## Problem details
The copy must run from the line containing "atlantic city casinos open" through the final line of the records, both included, exactly as written. It should contain no pictures.

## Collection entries
******************************

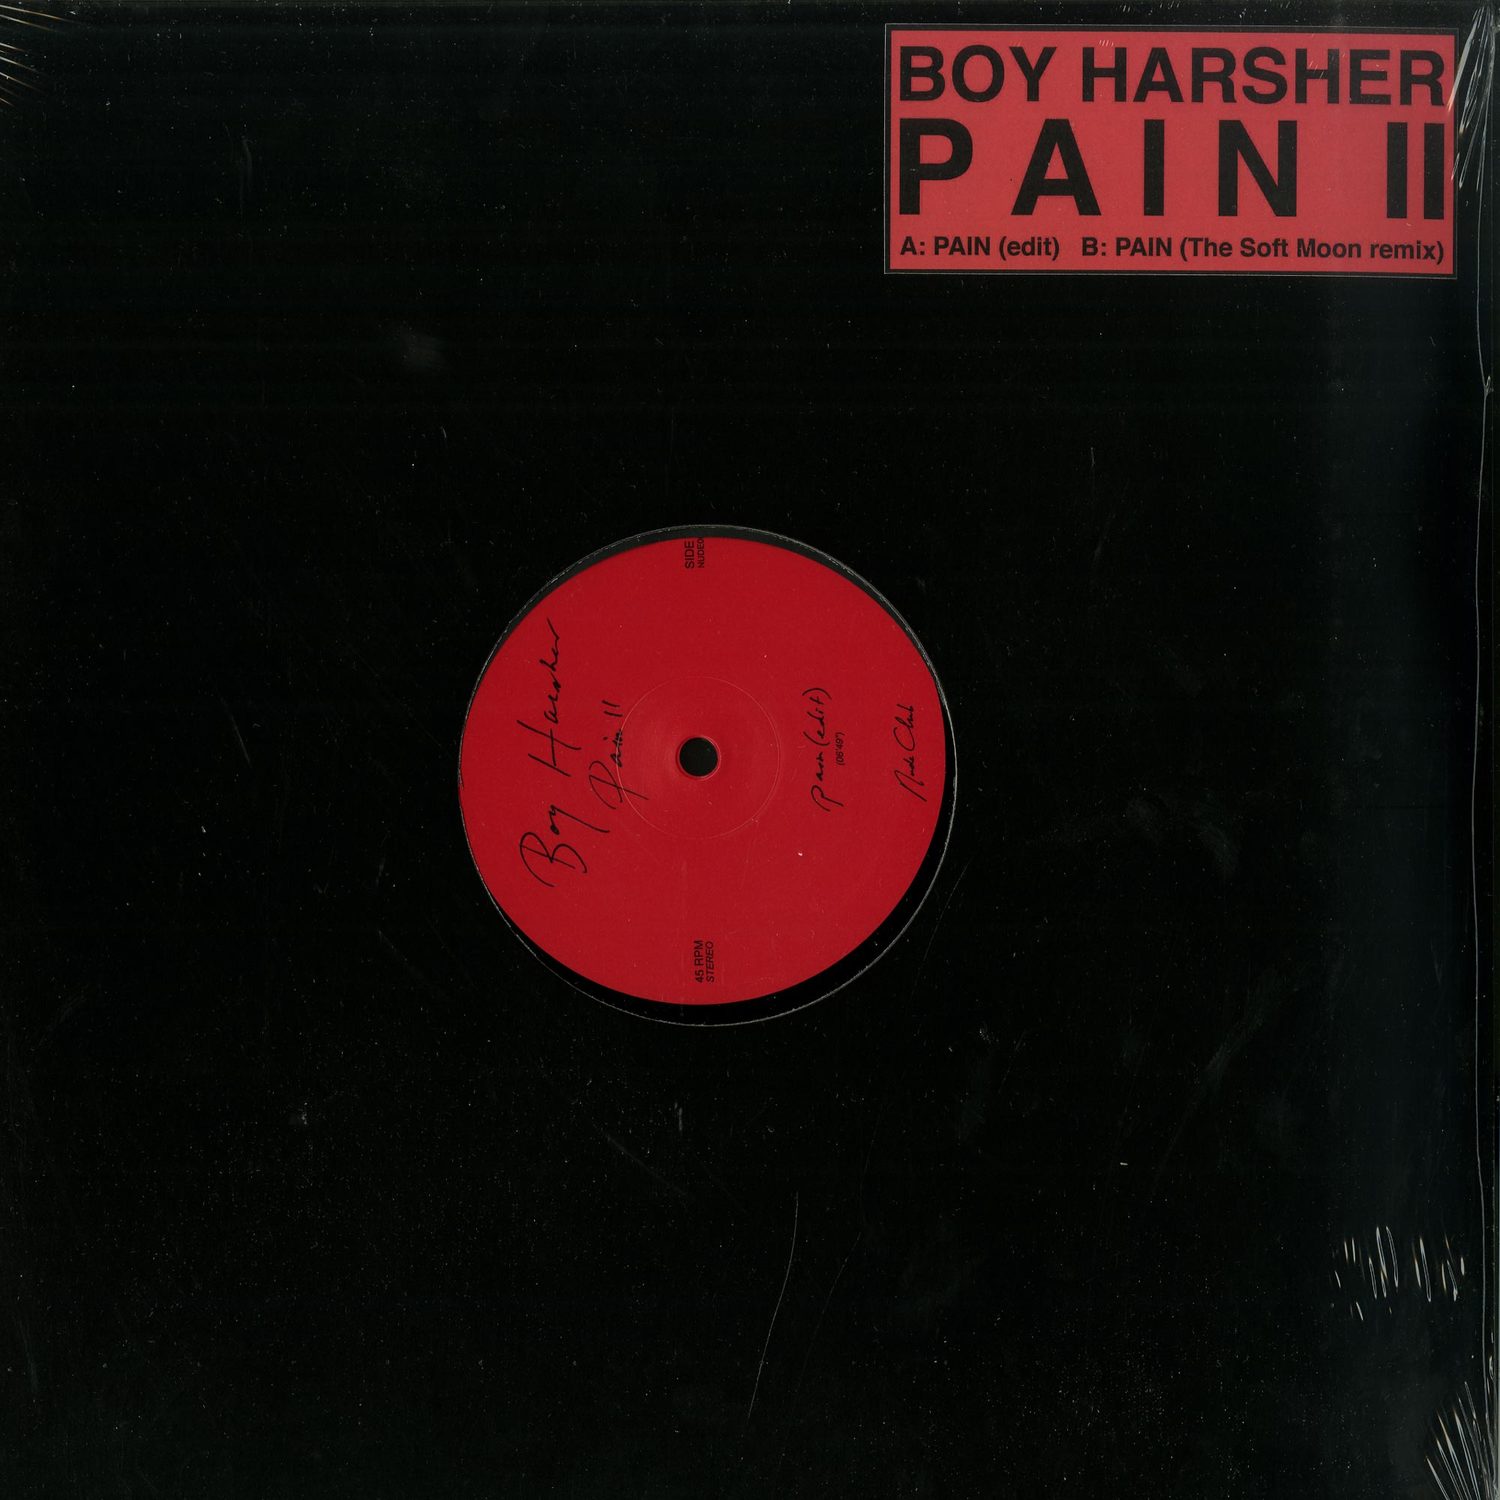 Boy Harsher - PAIN II
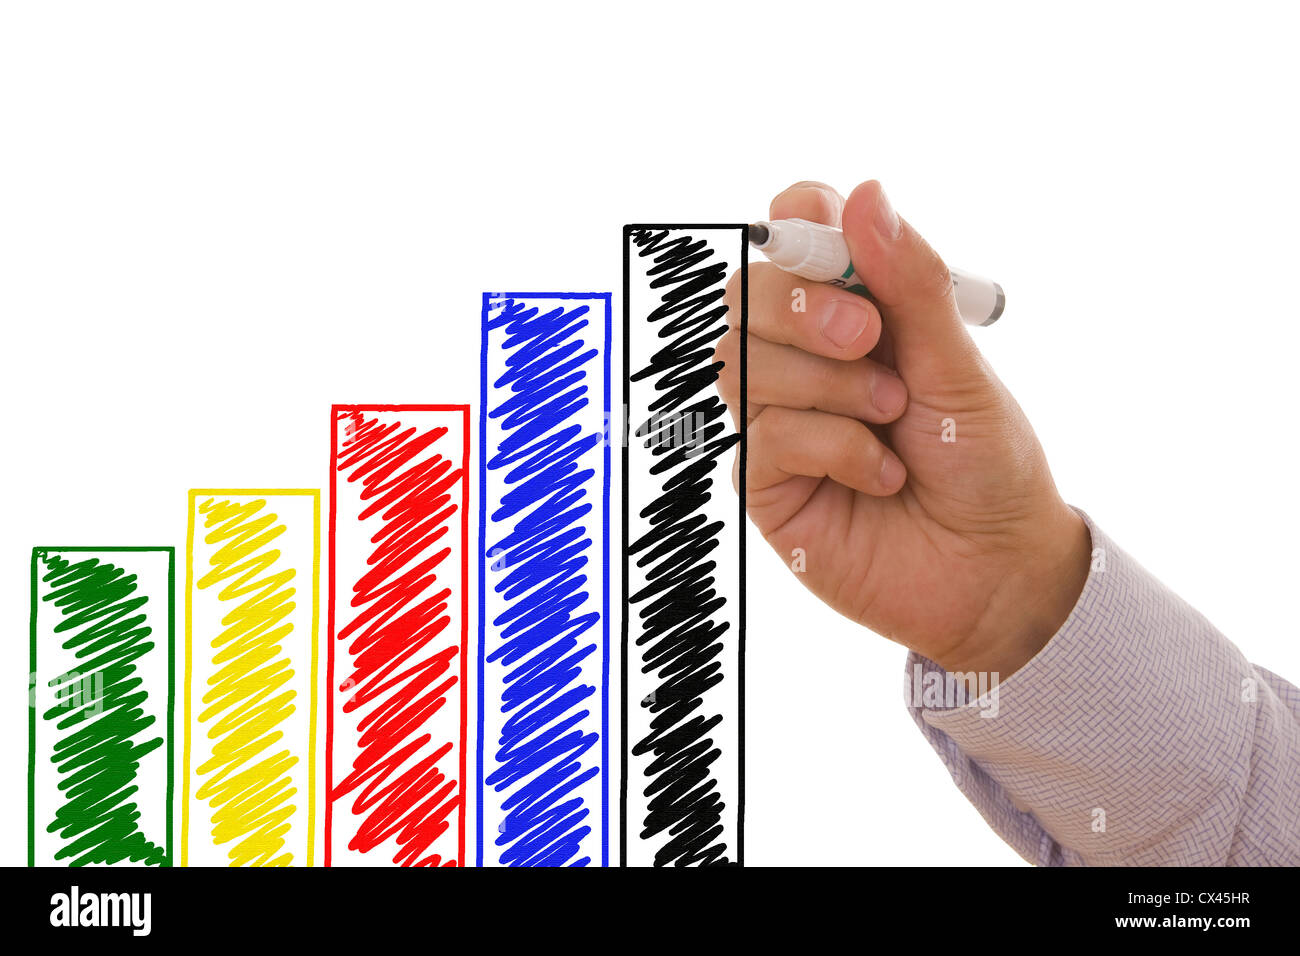 Man drawing an increasing bar/line graph - Business concept Stock Photo
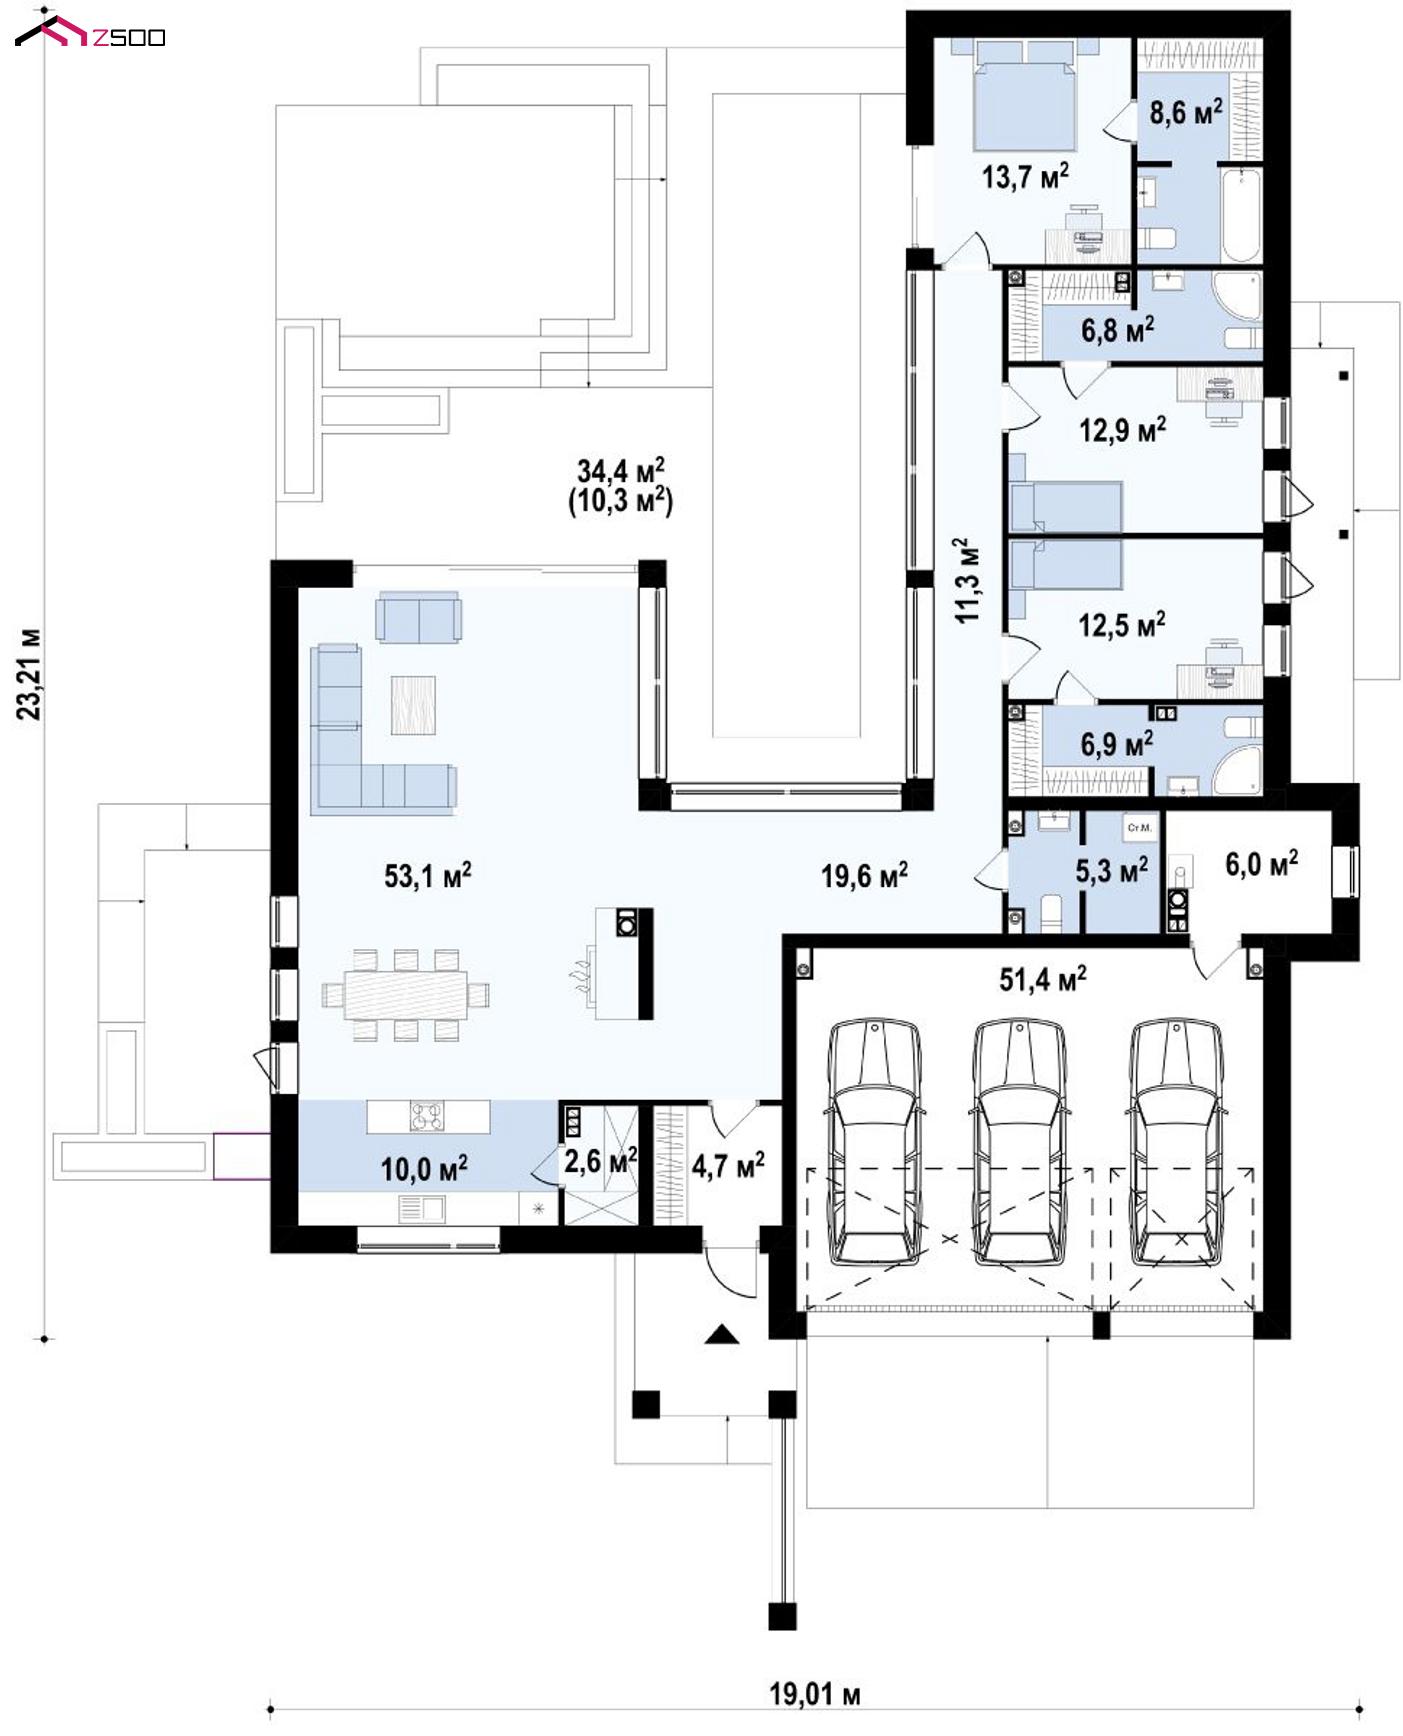 1-ый этаж - план проекта Zx99
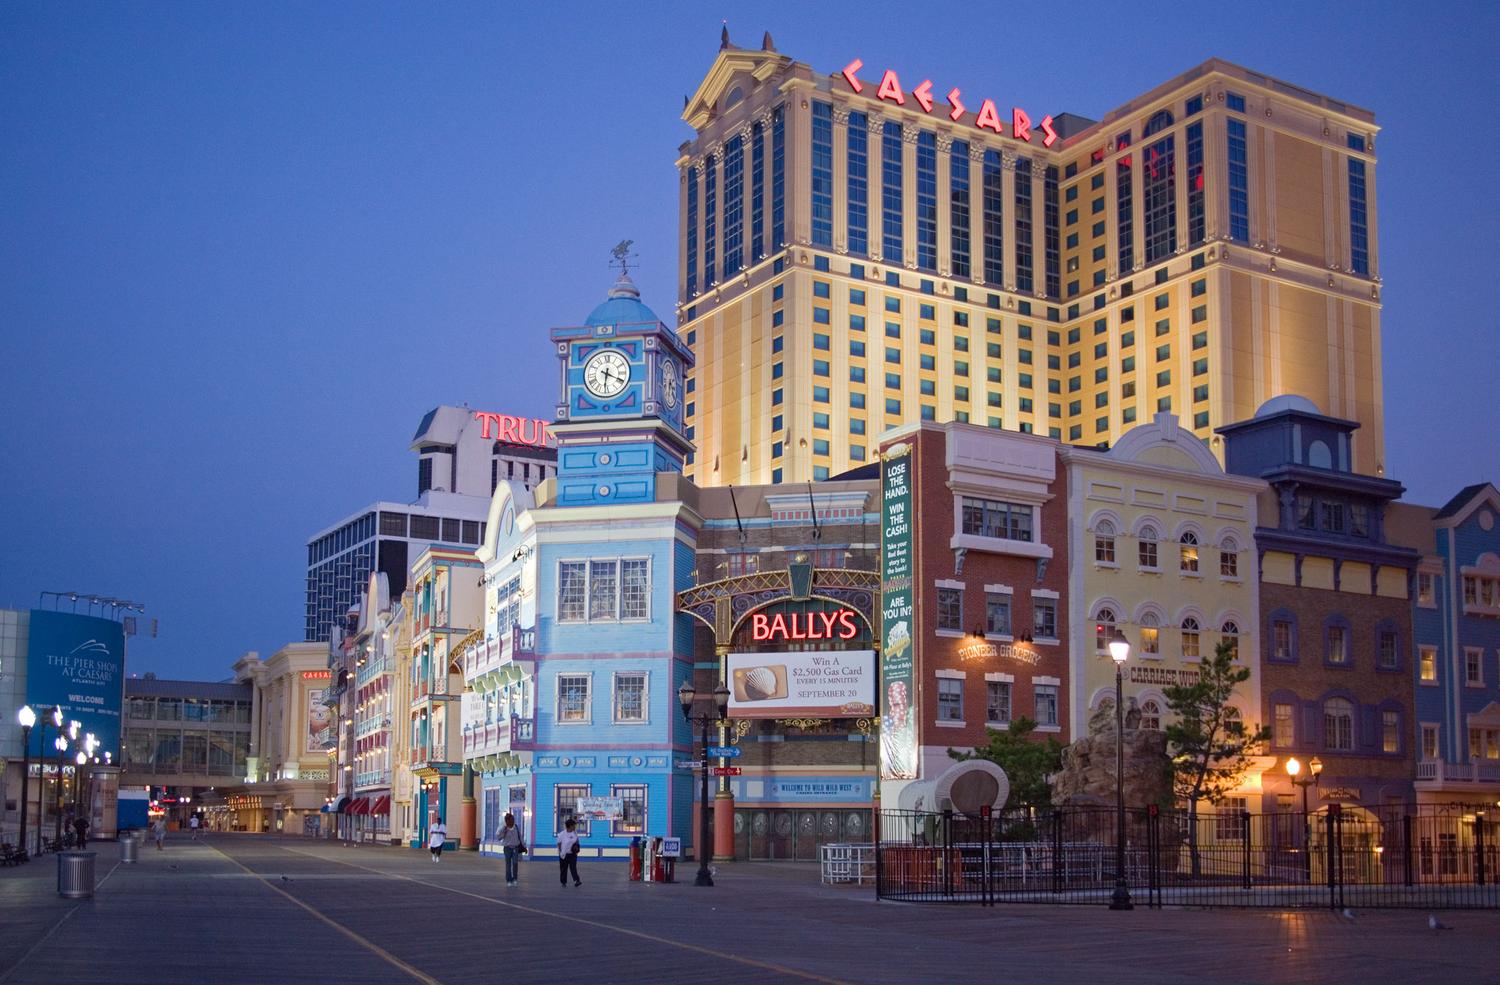 atlantic city casinos open
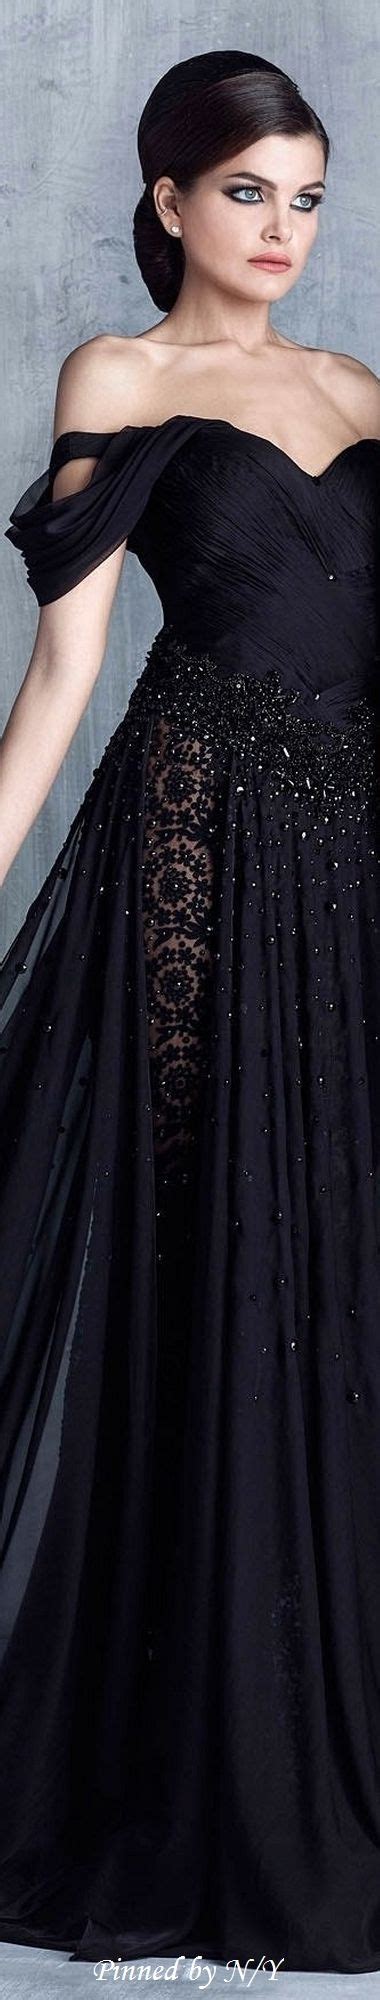 Tony Chaaya Couture Ss 2016 Black Dress Makeup Black Dress Outfit

******************************

## Solution for this exercise
 atlantic city casinos open
 Tony Chaaya Couture Ss 2016 Black Dress Makeup Black Dress Outfit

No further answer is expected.